### Exercise objective
Starting with the line that contains "9be8e339fc Nike Dri-FIT", copy every remaining line of the data below exactly, the last one included.

[Opening Records shown section]

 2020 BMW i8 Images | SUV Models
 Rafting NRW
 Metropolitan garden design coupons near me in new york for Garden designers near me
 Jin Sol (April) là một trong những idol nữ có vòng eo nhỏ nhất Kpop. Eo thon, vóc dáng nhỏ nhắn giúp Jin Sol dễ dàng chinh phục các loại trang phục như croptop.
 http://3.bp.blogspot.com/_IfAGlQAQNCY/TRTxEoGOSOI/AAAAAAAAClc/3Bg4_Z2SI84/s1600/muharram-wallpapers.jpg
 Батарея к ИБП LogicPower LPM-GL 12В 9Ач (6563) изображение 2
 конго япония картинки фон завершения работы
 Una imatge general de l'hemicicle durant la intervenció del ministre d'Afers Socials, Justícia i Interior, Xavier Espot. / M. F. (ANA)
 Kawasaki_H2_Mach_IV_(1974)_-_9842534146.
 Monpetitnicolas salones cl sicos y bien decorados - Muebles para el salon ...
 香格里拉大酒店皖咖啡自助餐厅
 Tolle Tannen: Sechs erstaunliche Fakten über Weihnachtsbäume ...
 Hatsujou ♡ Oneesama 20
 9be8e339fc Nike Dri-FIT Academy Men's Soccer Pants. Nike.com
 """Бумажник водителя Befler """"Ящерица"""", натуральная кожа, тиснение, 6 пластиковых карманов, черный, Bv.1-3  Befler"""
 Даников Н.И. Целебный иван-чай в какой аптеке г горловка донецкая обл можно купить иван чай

[Closing Records shown section]

### Written solution
 9be8e339fc Nike Dri-FIT Academy Men's Soccer Pants. Nike.com
 """Бумажник водителя Befler """"Ящерица"""", натуральная кожа, тиснение, 6 пластиковых карманов, черный, Bv.1-3  Befler"""
 Даников Н.И. Целебный иван-чай в какой аптеке г горловка донецкая обл можно купить иван чай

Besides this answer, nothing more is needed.